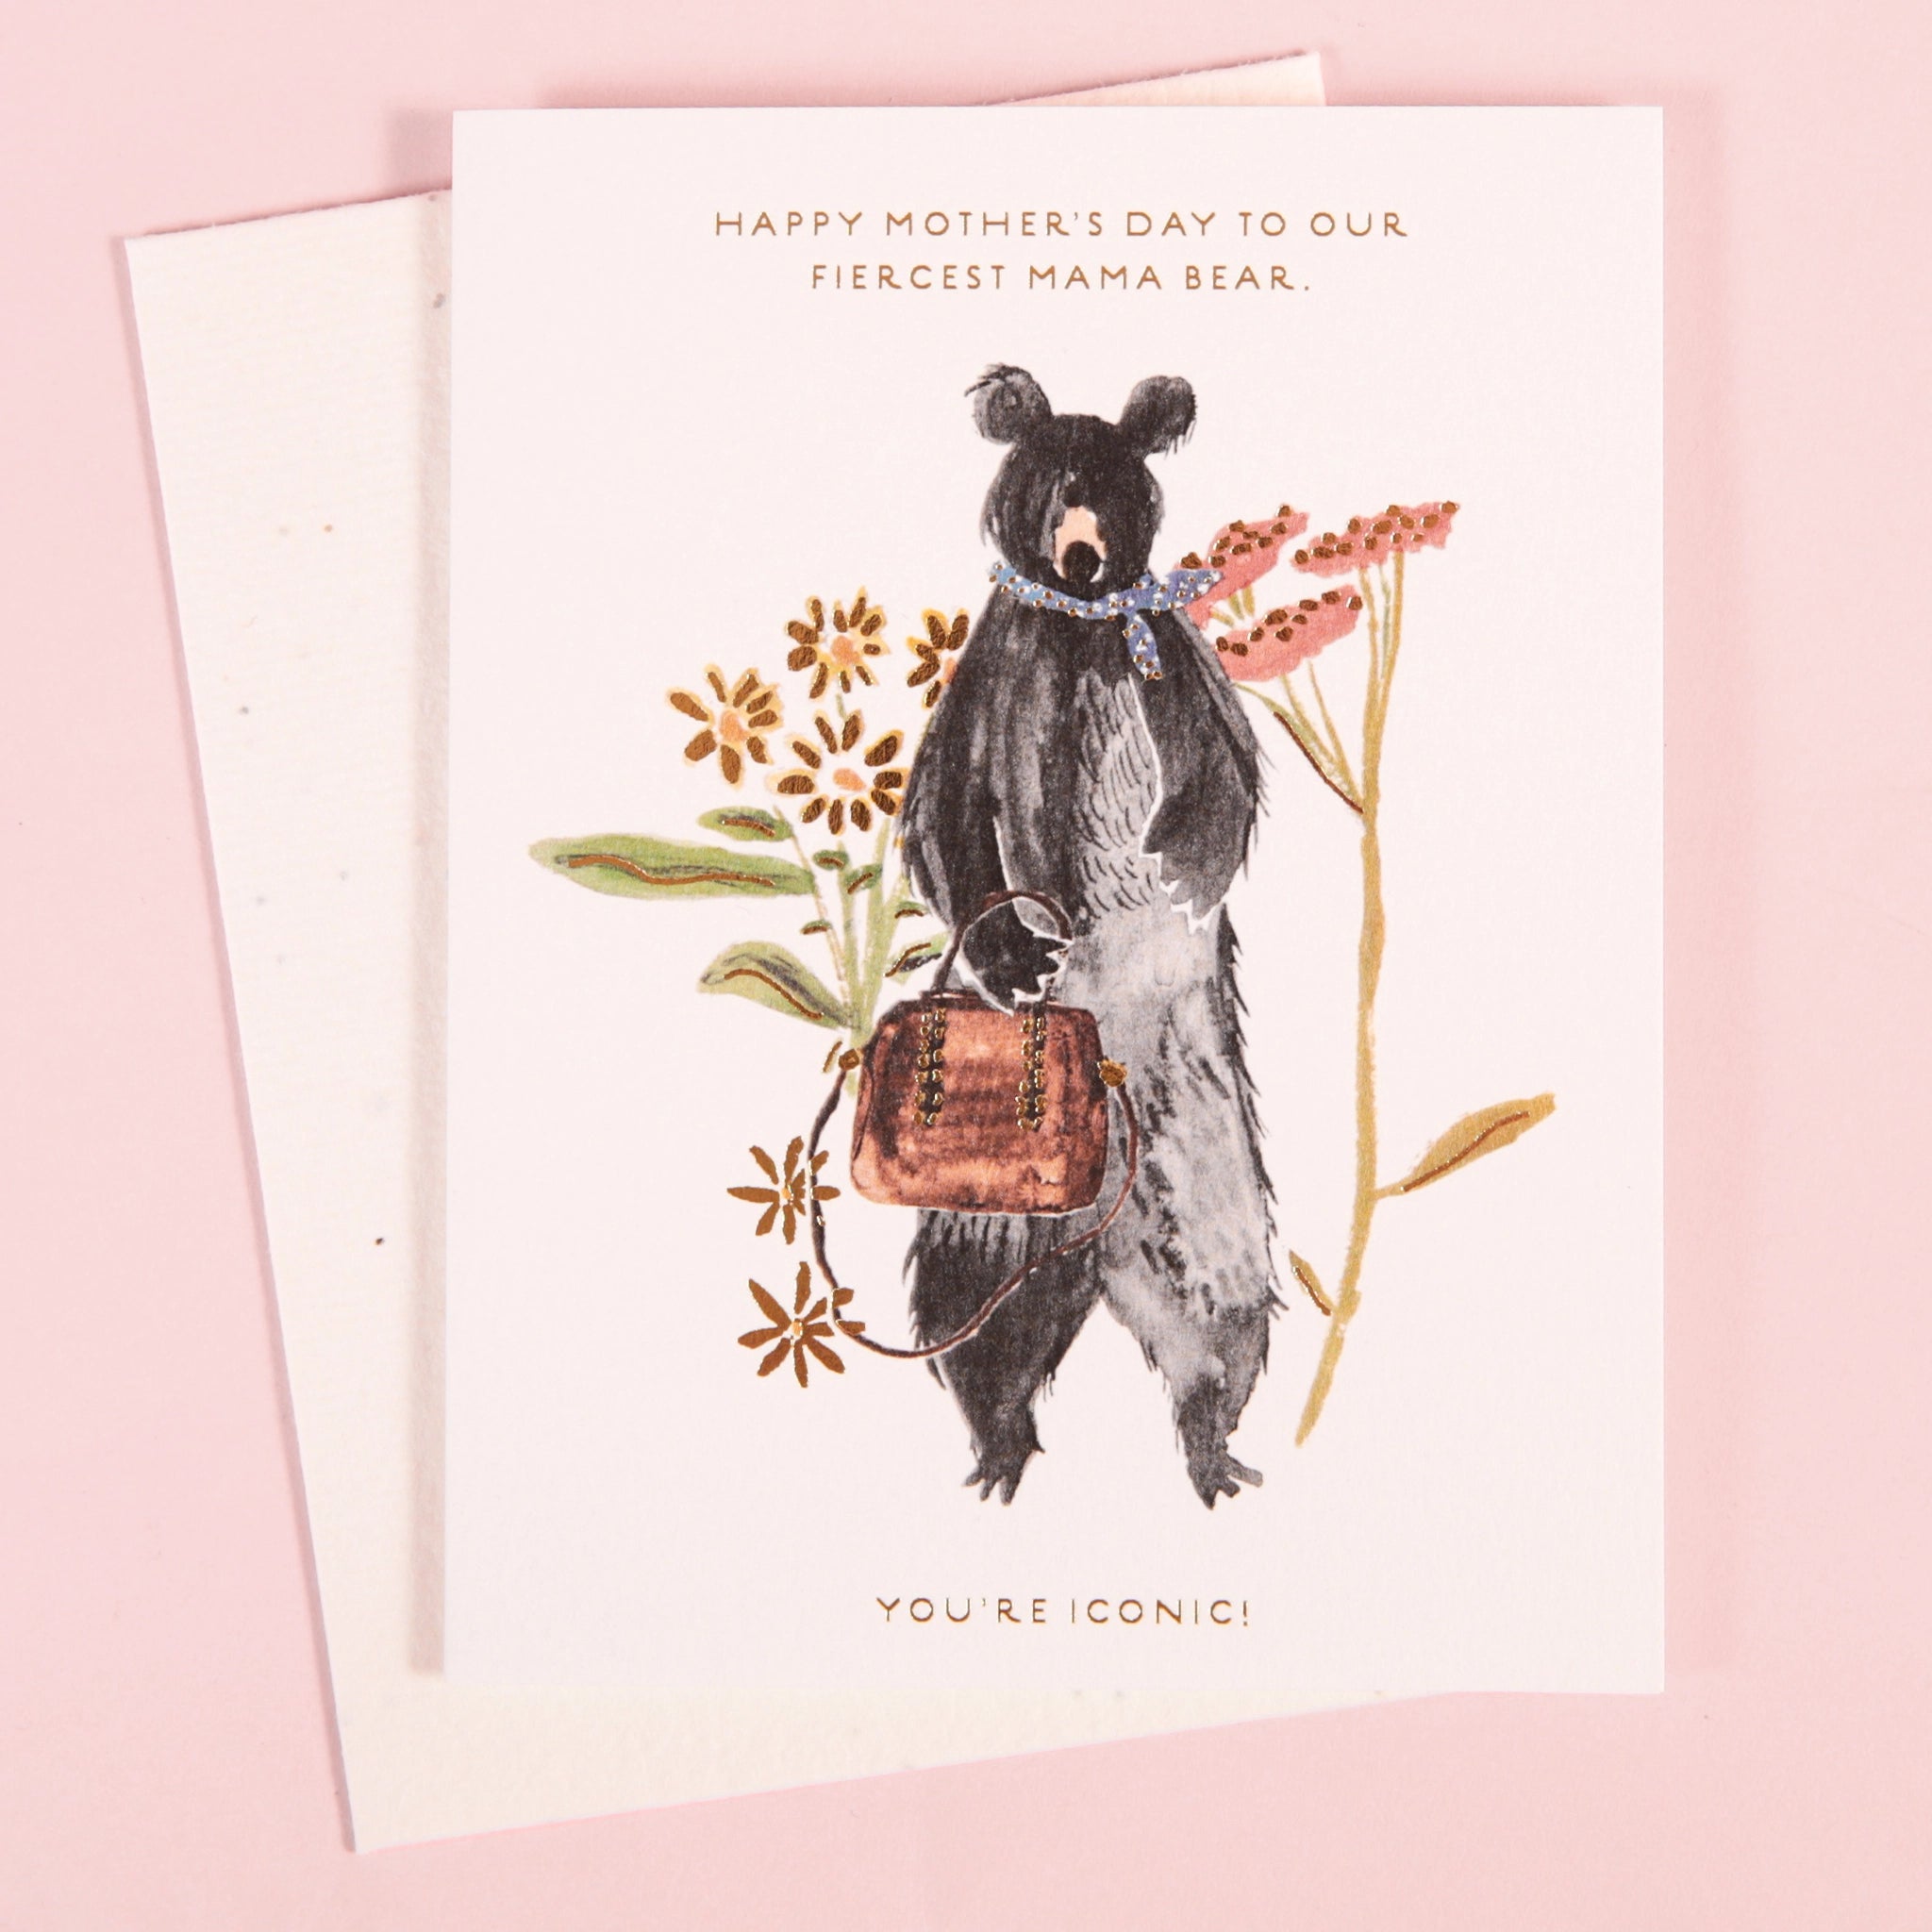 On a light pink background is a white card and envelope with an illustration of a black bear standing up on its hind legs while holding a brown purse in front of various flowers and text on the top that reads, &quot;Happy Mother&#39;s Day to our fiercest mama bear&quot;.
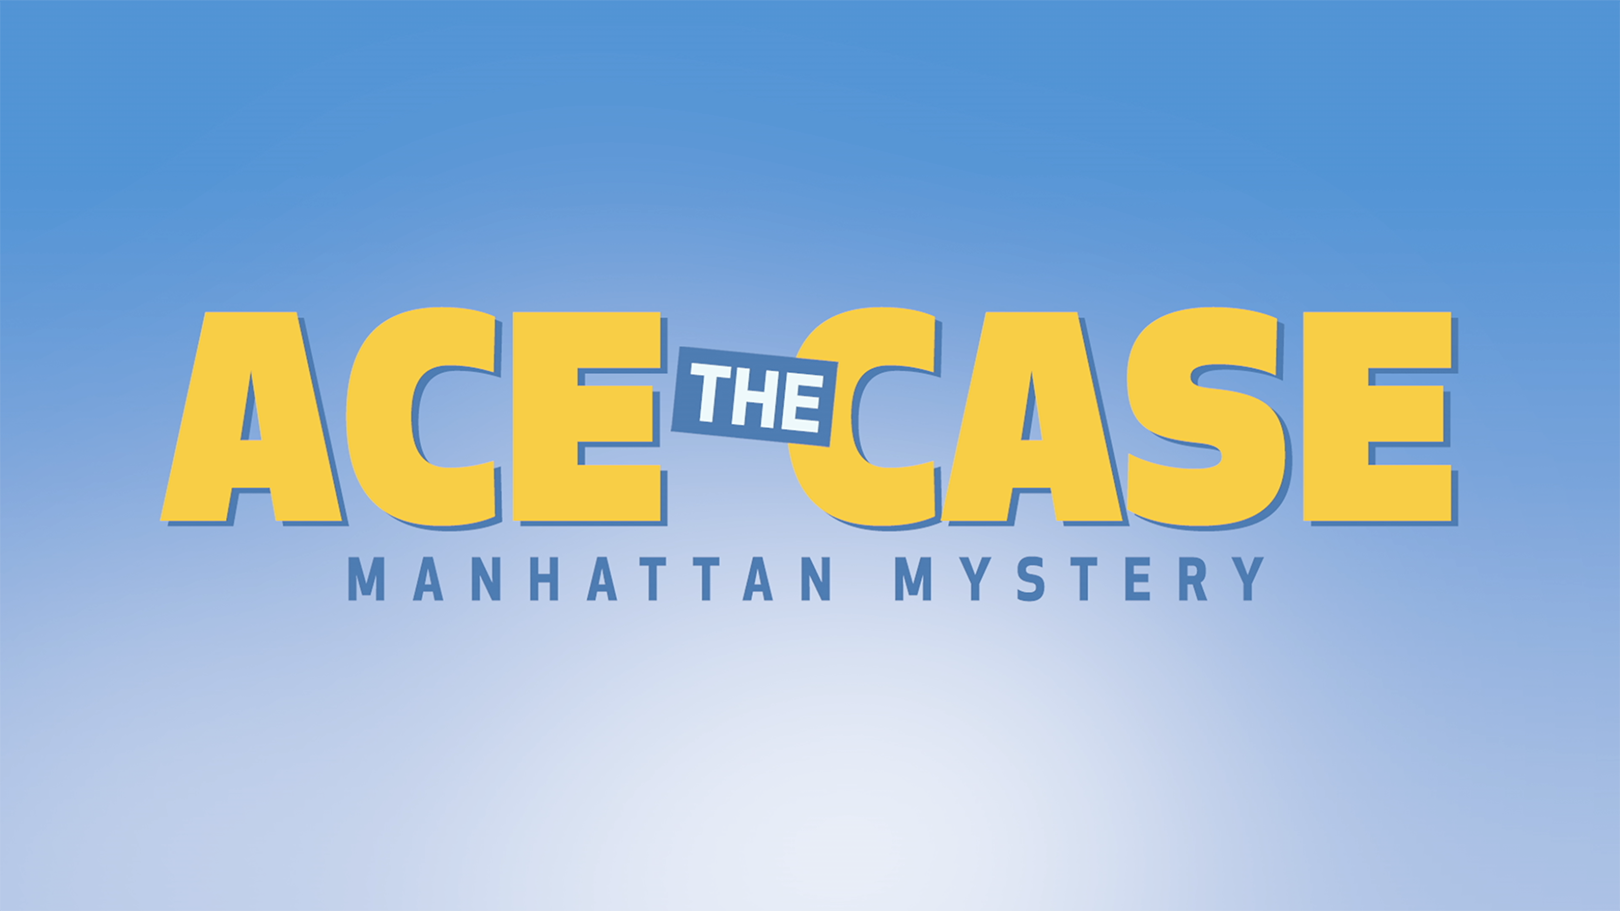 “Ace the Case: Manhattan Mystery” Official Trailer
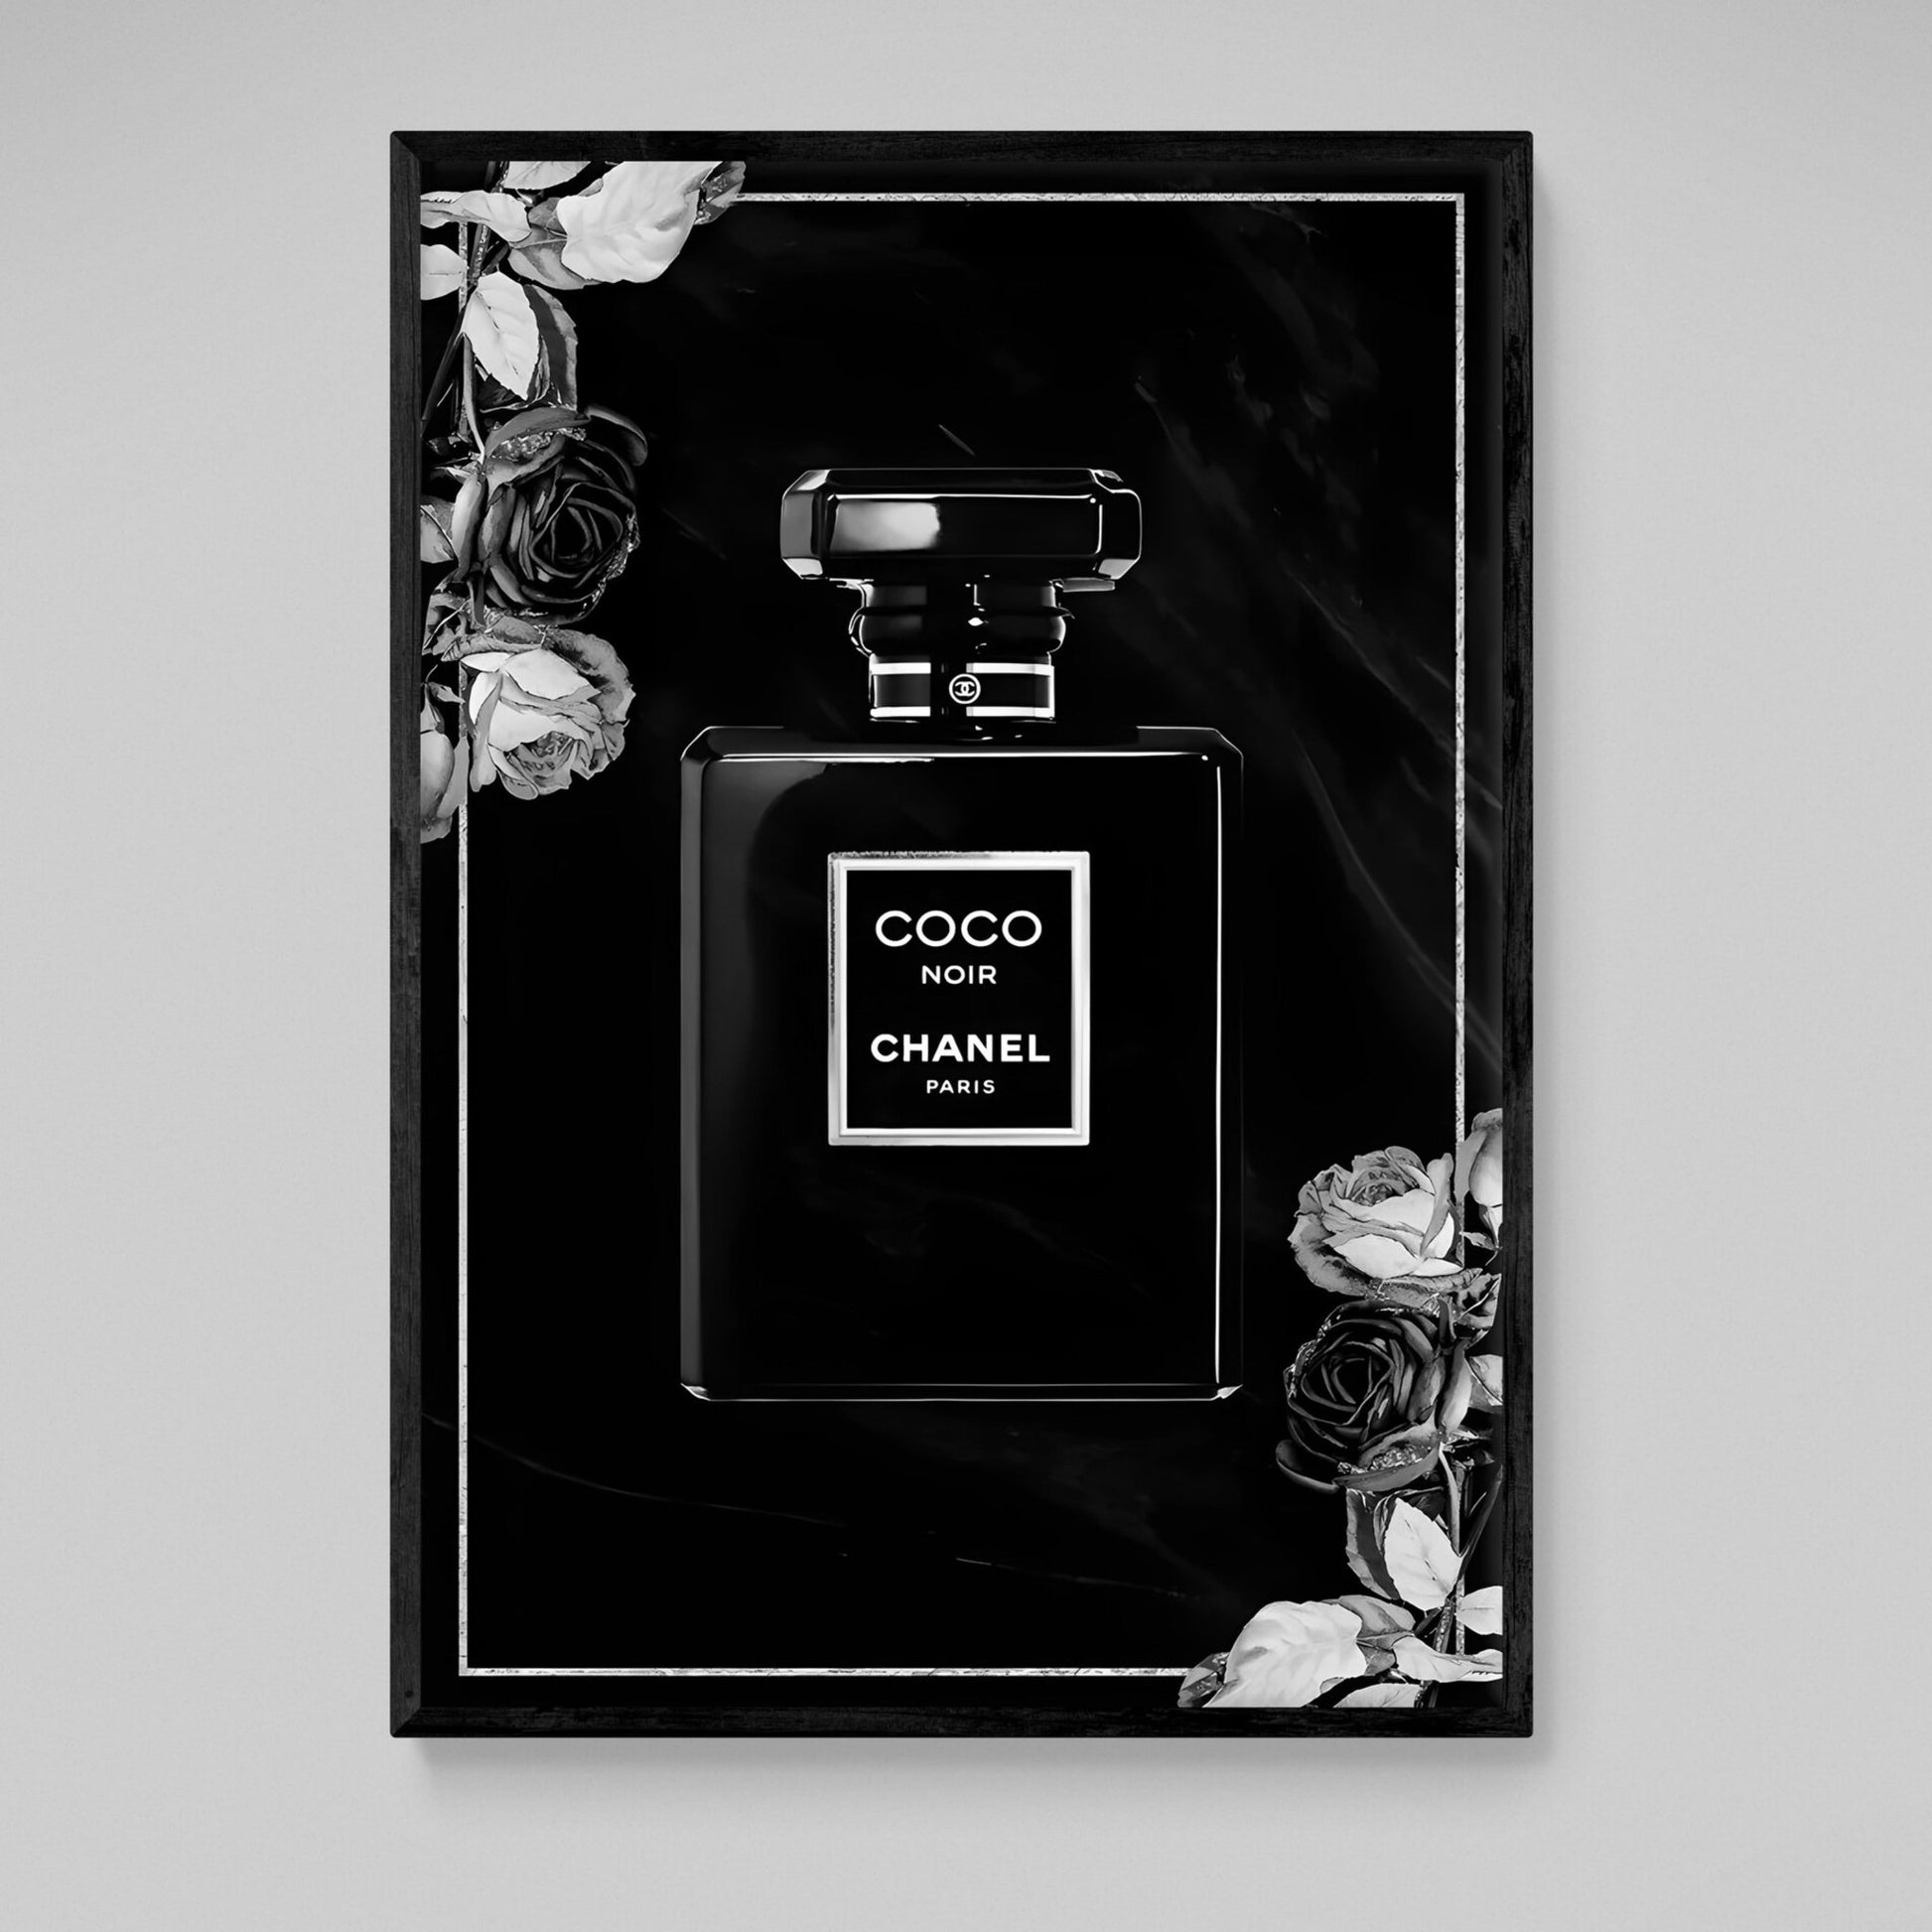 Chanel No 5 Framed Print - Products, bookmarks, design, inspiration and  ideas.

──────────────────────────────

The answer is the run of lines from the one with "the Case: Manhattan" through the final line of the data, copied exactly, and nothing else; no pictures.

• _Exercise answer_
 “Ace the Case: Manhattan Mystery” Official Trailer
 Chanel No 5 Framed Print - Products, bookmarks, design, inspiration and  ideas.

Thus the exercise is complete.